Когда дерево растет и развивается нормально, то одни ветви его постепенно замедляют свой рост, останавливаются в развитии, другие вовсе засыхают, третьи, напротив, набирают силу, мощь. А есть и такие побеги, которые до поры до времени прячутся внутри спящих почек, чтобы поразить всех неожиданностью и стремительностью своего появления и роста. Ничего удивительного в этом нет, просто дереву настало время продлить свою жизнь новыми ветвями…

Не все почки, конечно, раскрылись и на родословном древе советской литературы о войне. Но в этом процессе постоянного обновления – залог его нормального роста, его здоровья и долголетия.
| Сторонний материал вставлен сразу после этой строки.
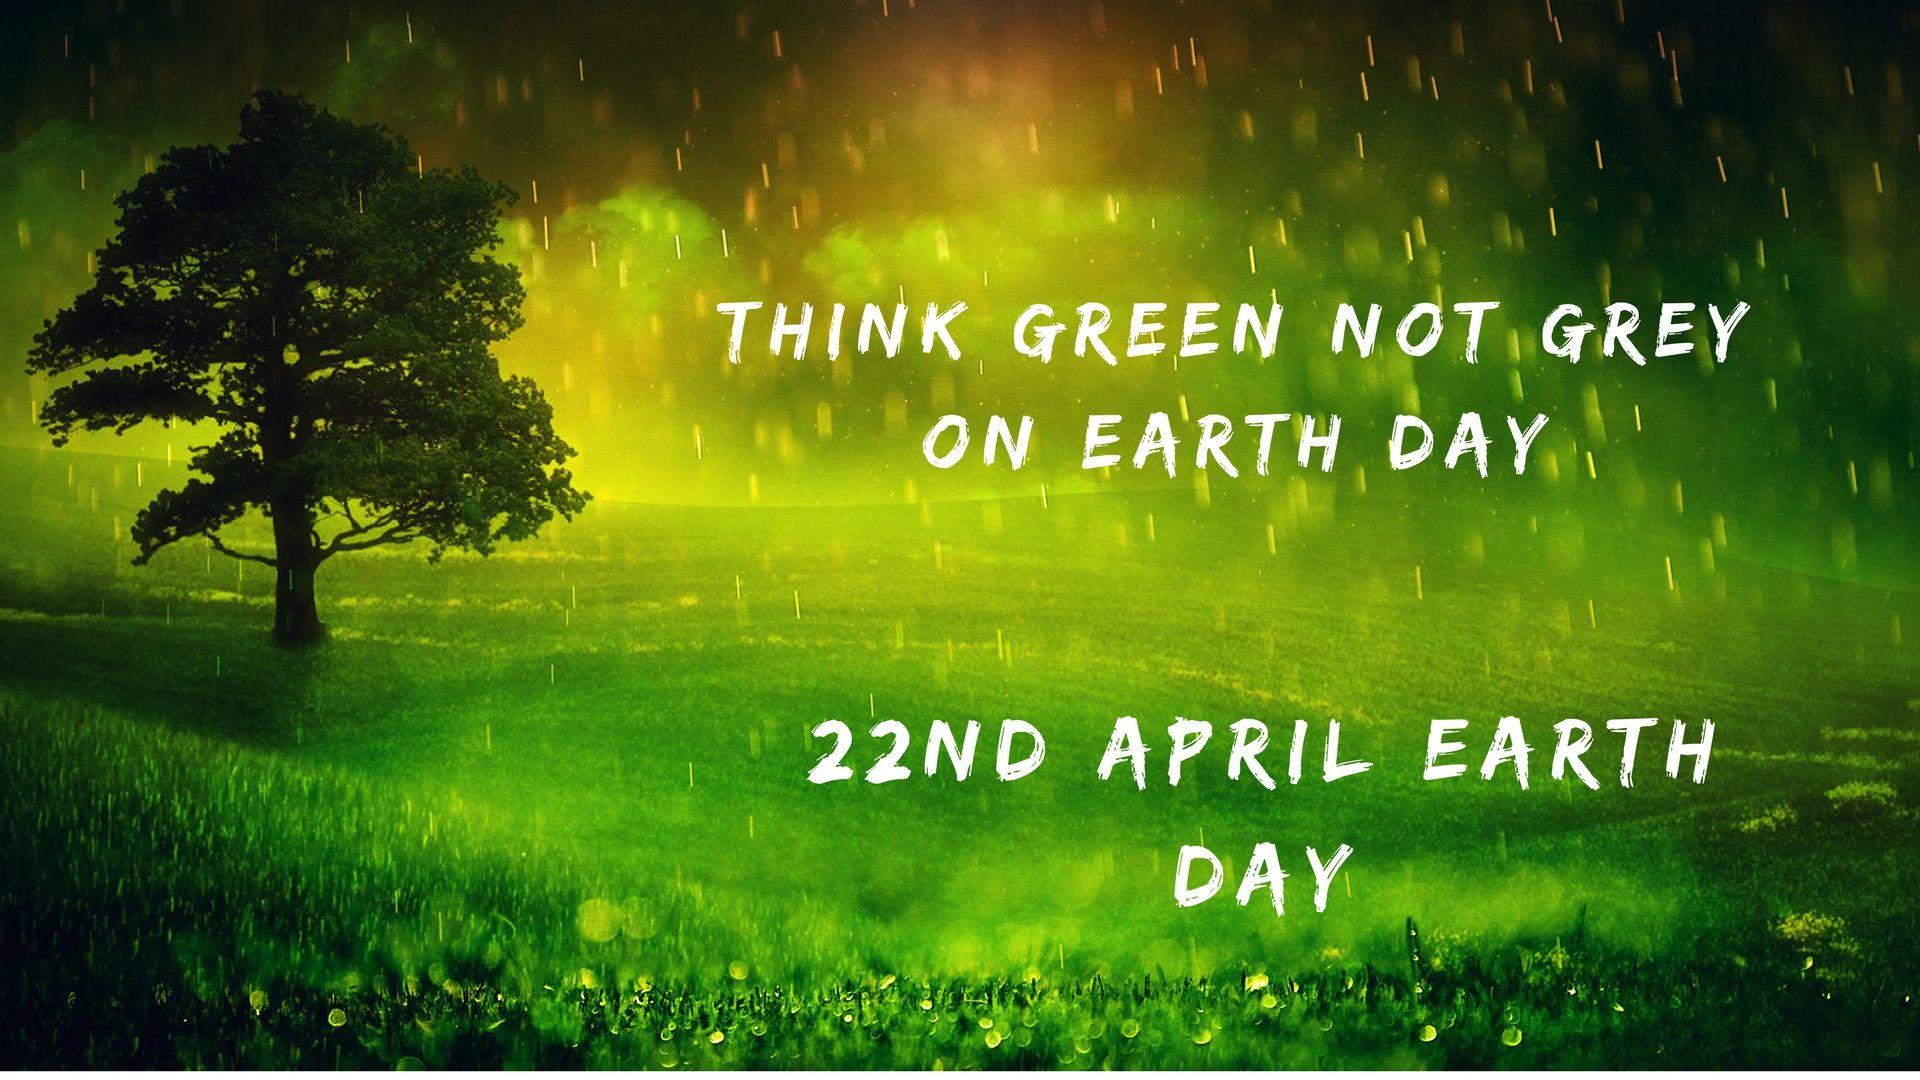 Earth Day Slogan Picture Image HD Wallpaper Download

Трудно проследить за ростом и развитием всех ветвей нашего «марсова» древа, невозможно в одной статье раскрыть процесс углубления художественной правды о войне даже на одном – трагическом – направлении. Столь развито это направление, что уже само начинает ветвиться. Ведь трагизм «Судьбы человека» М. Шолохова отличен от трагизма трилогии К. Симонова, трагизм повести В. Астафьева «Пастух и пастушка» от трагизма «Сашки» В. Кондратьева…

Но в одной статье можно сделать попытку проследить хотя бы за раскрытием одной некогда «спящей» почки на трагедийном ответвлении советской военной литературы, которая уже как-то не мыслится в наши дни без документальной книги «Я из огненной деревни», без «Блокадной книги». Сегодня мы уже признаём и сознаём, какой бы неполной была правда о войне без художественных произведений о Хатынях. А ведь начиналась когда-то эта тема весьма робко, с чисто информационных сообщений, с публицистических отступлений, с абзацев-эпизодов.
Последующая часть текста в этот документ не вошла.